Local Rule 56.1(e) provides that a movant may file a concise statement of facts in support of a reply in order to "respond only to those additional facts" made in a party's opposition to the underlying motion. Sunstone's concise statement of facts, however, does not respond to any additional facts made by Plaintiffs; rather it simply adds more purported facts. See Dkt. No. 150 at ¶¶ 1-2. Therefore, the Court does not further consider Sunstone's concise statement of facts in support of its reply (Dkt. No. 150).

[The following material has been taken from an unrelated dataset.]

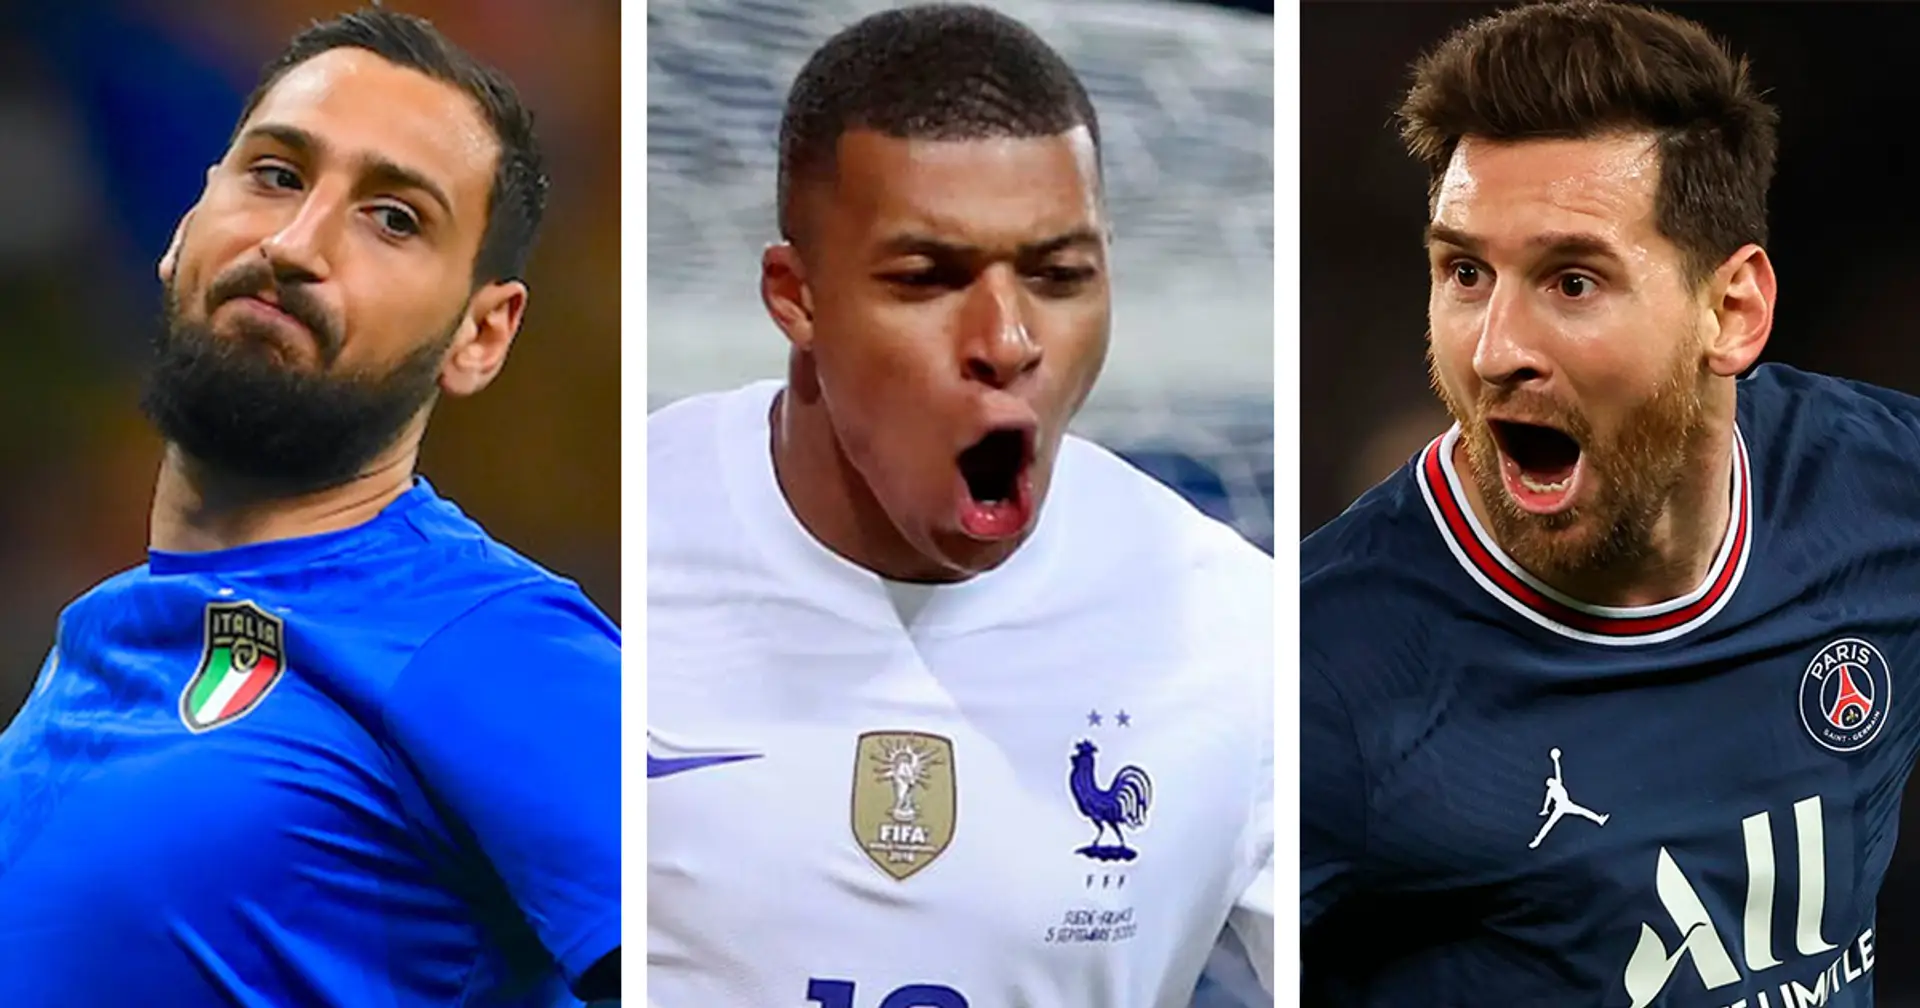 Mbappe scores as France beat Belgium and 2 more big stories you might've missed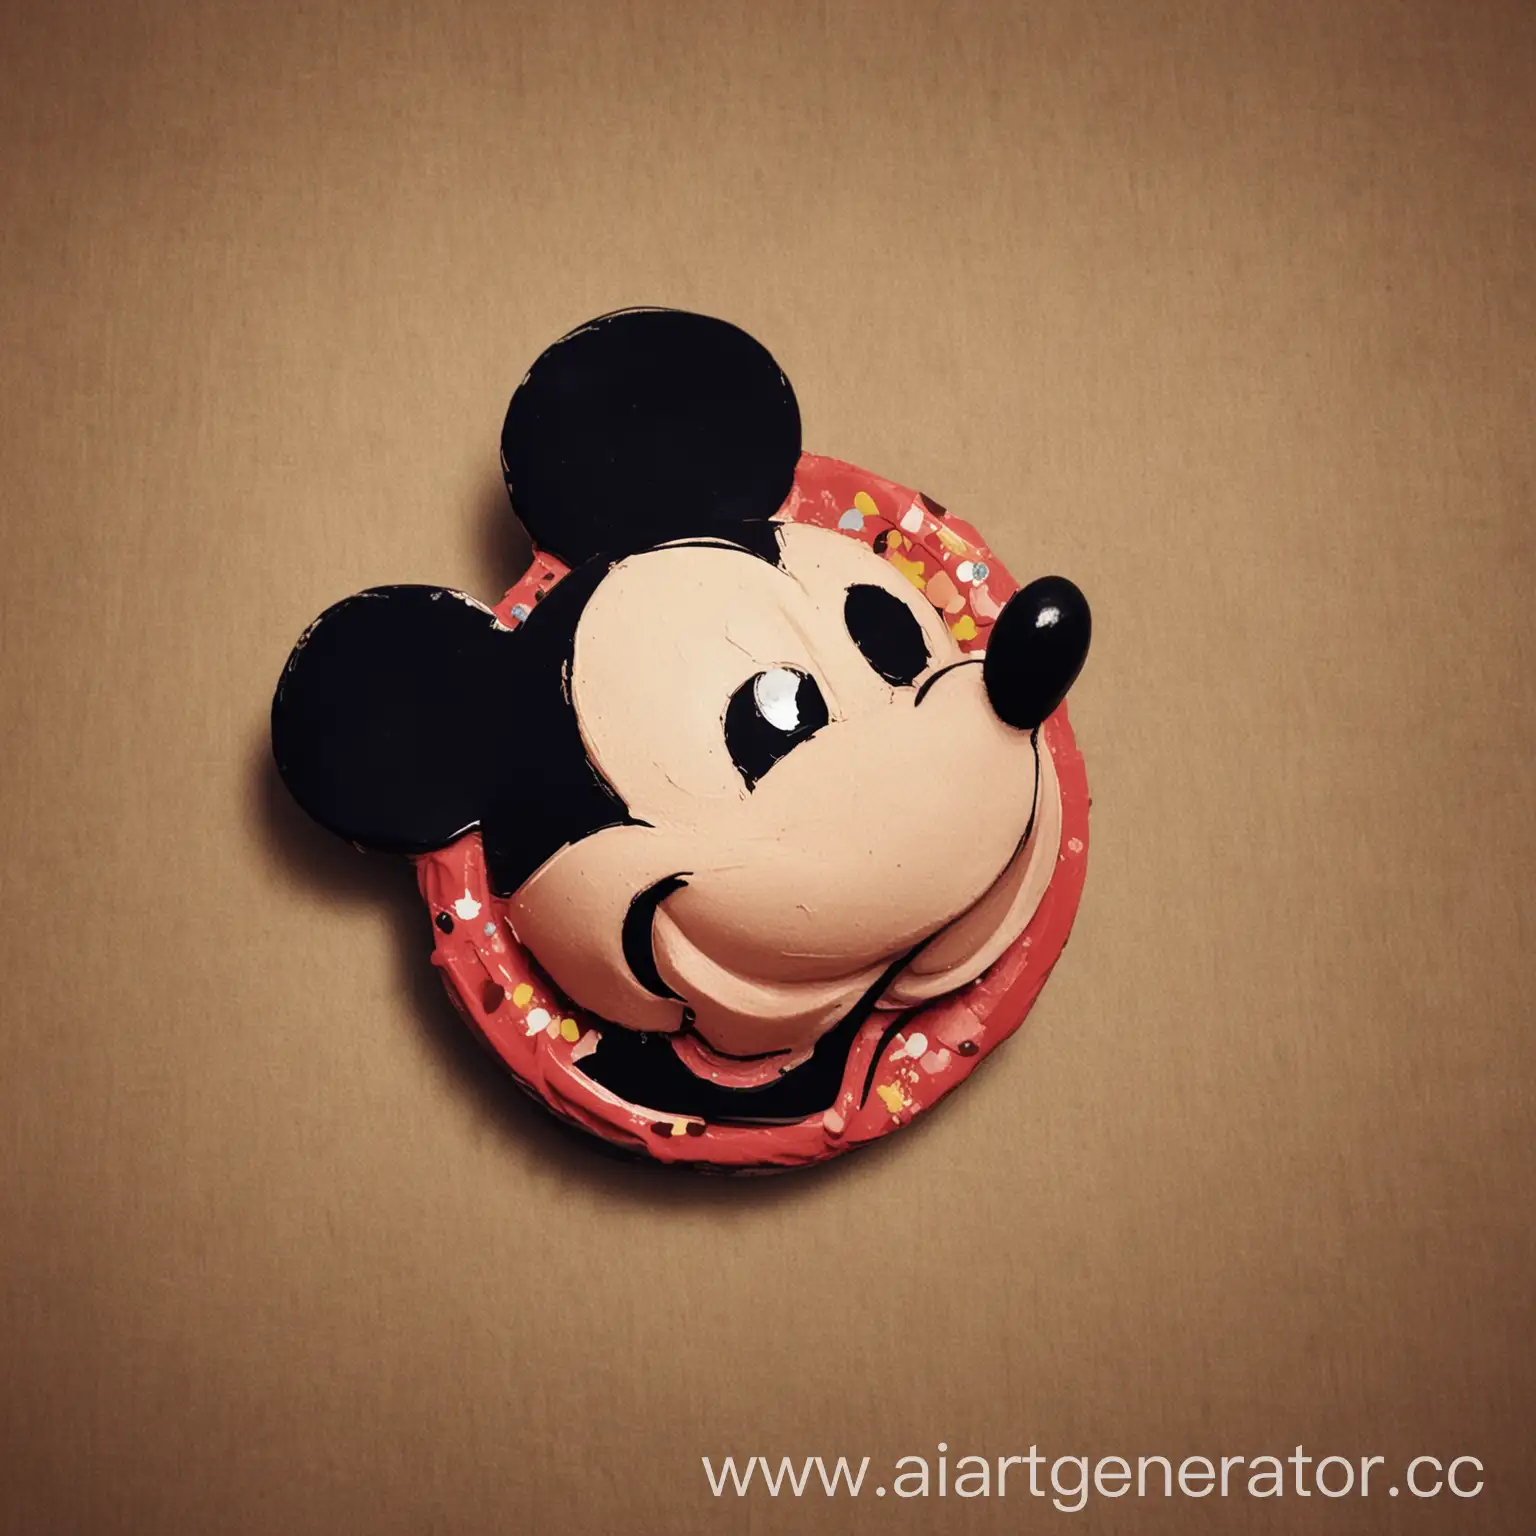 Classic-Mickey-Mouse-Cartoon-Character-Portrait

Unperturbed by the close of briefing on the motions for partial summary judgment, however, on April 12, 2022, Plaintiffs filed yet more objections to evidence submitted by Bodell, Dkt. Nos. 152-153. Not to be outdone, a day later, Bodell filed a response to Plaintiffs’ objections, Dkt. No. 155, as well as an ex parte motion to shorten time for hearing on Bodell's proposed motion to file yet more evidence in this case, Dkt. No. 154.
The Court notes that, in litigating the motions for partial summary judgment, the parties have managed to turn a relatively uncomplicated matter–application of insurance policy language to events giving rise to a claim on said policies–into a procedural and document morass. With respect to the objections, counter declarations, objections to counter declarations, and proposed motion to submit further declarations, the Court observes that none of the same have been relevant to the analysis to come infra. Therefore, the ex parte motion to shorten time, Dkt. No. 154, is DENIED AS MOOT.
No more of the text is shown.